Open marangiop opened 3 years ago
This has happened again today, for the deployment
cycle_12_part2_greece_03_06
This happened again yesterday, for the deployments (these deployments were run at the same time in the night, using the same reservation)
cycle_12_part2_greece_05_06 cycle_12_part2_spain_05_06
Cloudify Version 20.02.23~community (Community)
Croupier Version Commit 1eb2f32 of branch grapevine, after merging from permedcoe branch at commit 46239ec
Describe the bug As mentioned in the title, this is a rare bug. This means that I normally run this blueprint every day without problems, but then on some specific occasion this error arises that essentially stops the execution of the entire blueprint at a specific job. The error consists in a Warning message
u'job_id'
(where job_id is the ID of the job assigned by croupier to a specific job of a blueprint) that is repeated all the time in a never-ending loop after the state of that job has changed to RUNNING. The warning message is repeated approximately every 15 seconds. To be precise, the error message is also always shown after the state of ever job changes to PENDING, but this particular case is not important because it does not stop the job to be executed.Buried in the Warning messages, there is an additional Warning message:
filedescriptor out of range in select()
. This warning message is issued only once or twice, then the above Warning messageu'job_id'
continues to be shown all the time.If I check the logs of that specific job inside the CESGA users portal, I see that the job has a COMPLETED status. This means that Croupier has correctly detected that the job has started being executed on HPC, but it has failed to detect that the job has finished.
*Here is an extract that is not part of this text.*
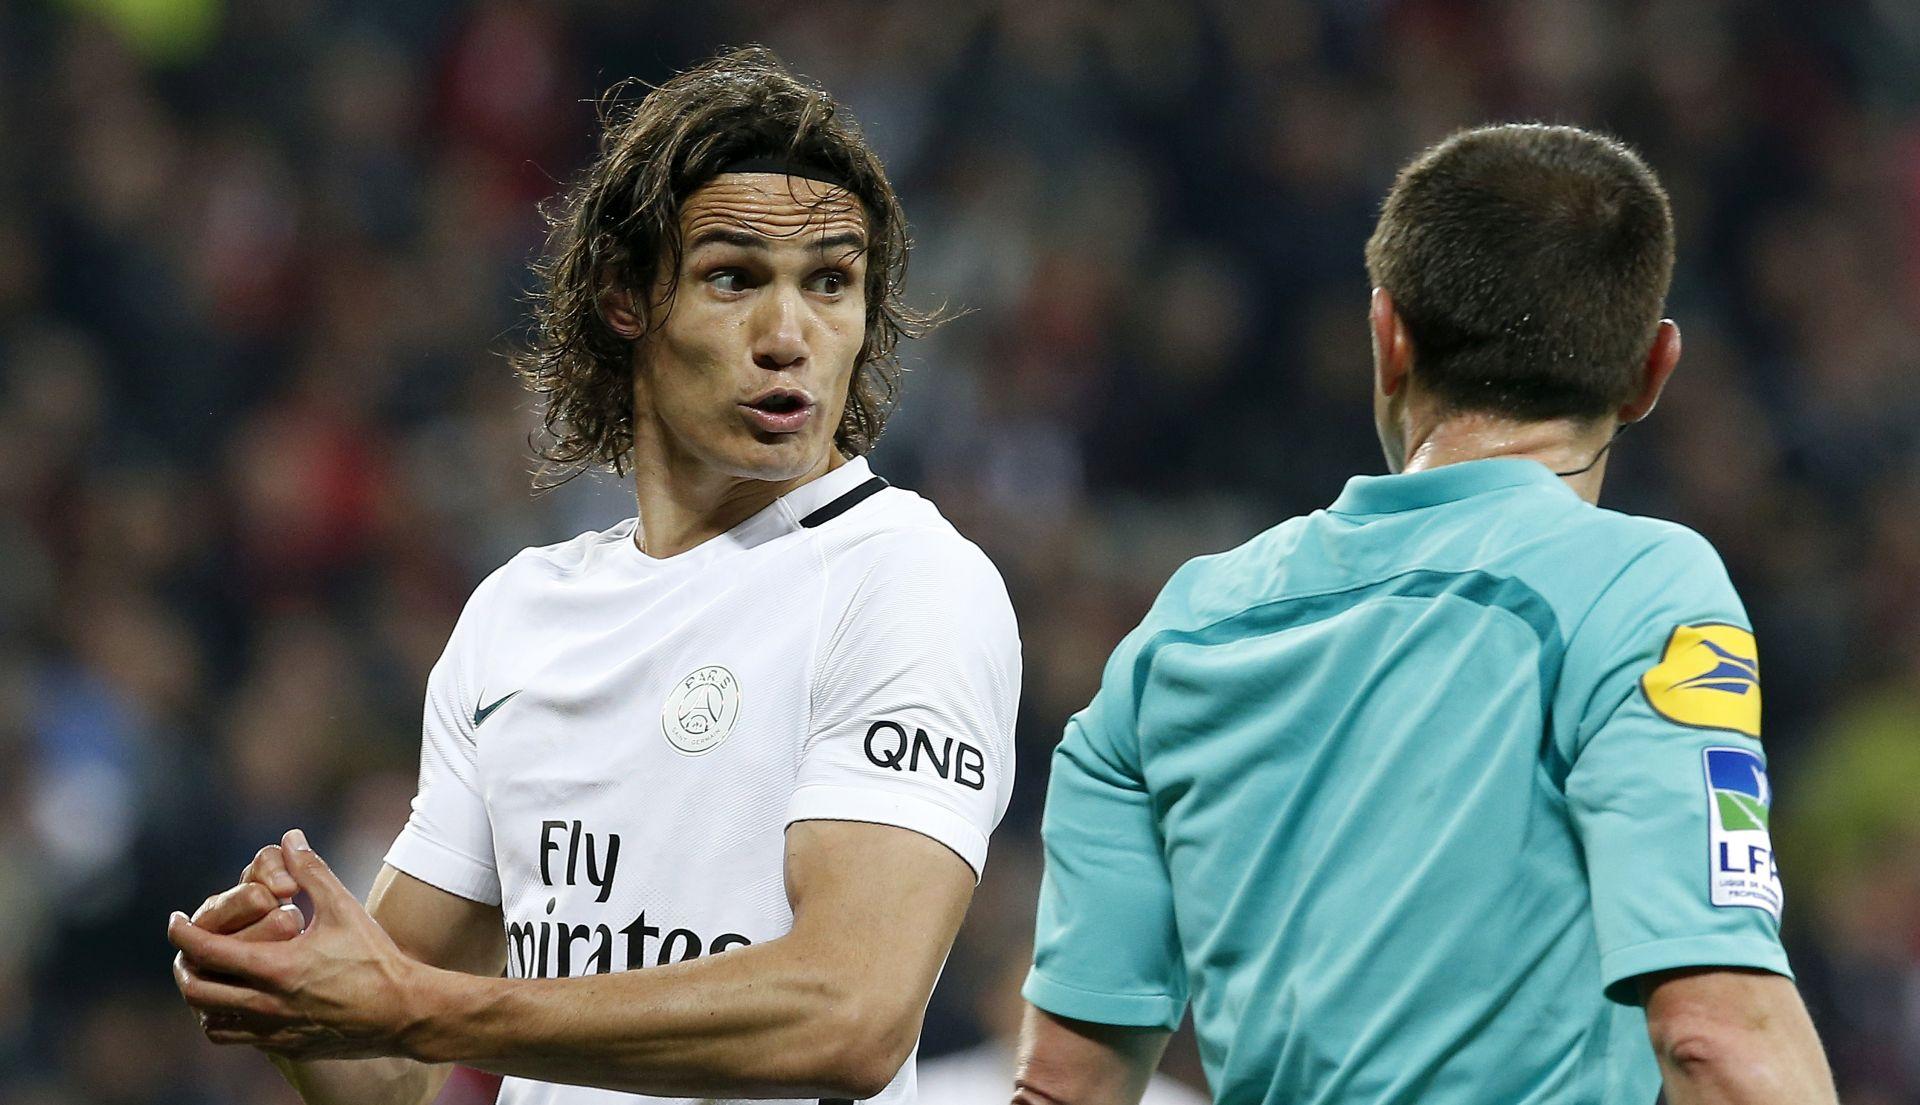 LIGUE 1 Nica slavila protiv PSG-a i 'gurnula' Monaco prema naslovu prvaka

To check the logs of the specifc deployment yourself Just enter the Cloudify instance deployed at http://cloudify.grapevine-project.eu/, then search for the deployment called
cycle_12_part2_greece_17_05
To Reproduce Steps to reproduce the behavior:
Expected behavior I don't mind if the warning message is shown up. Certainly I don't expect that a given deployment is stopped due to this warning message.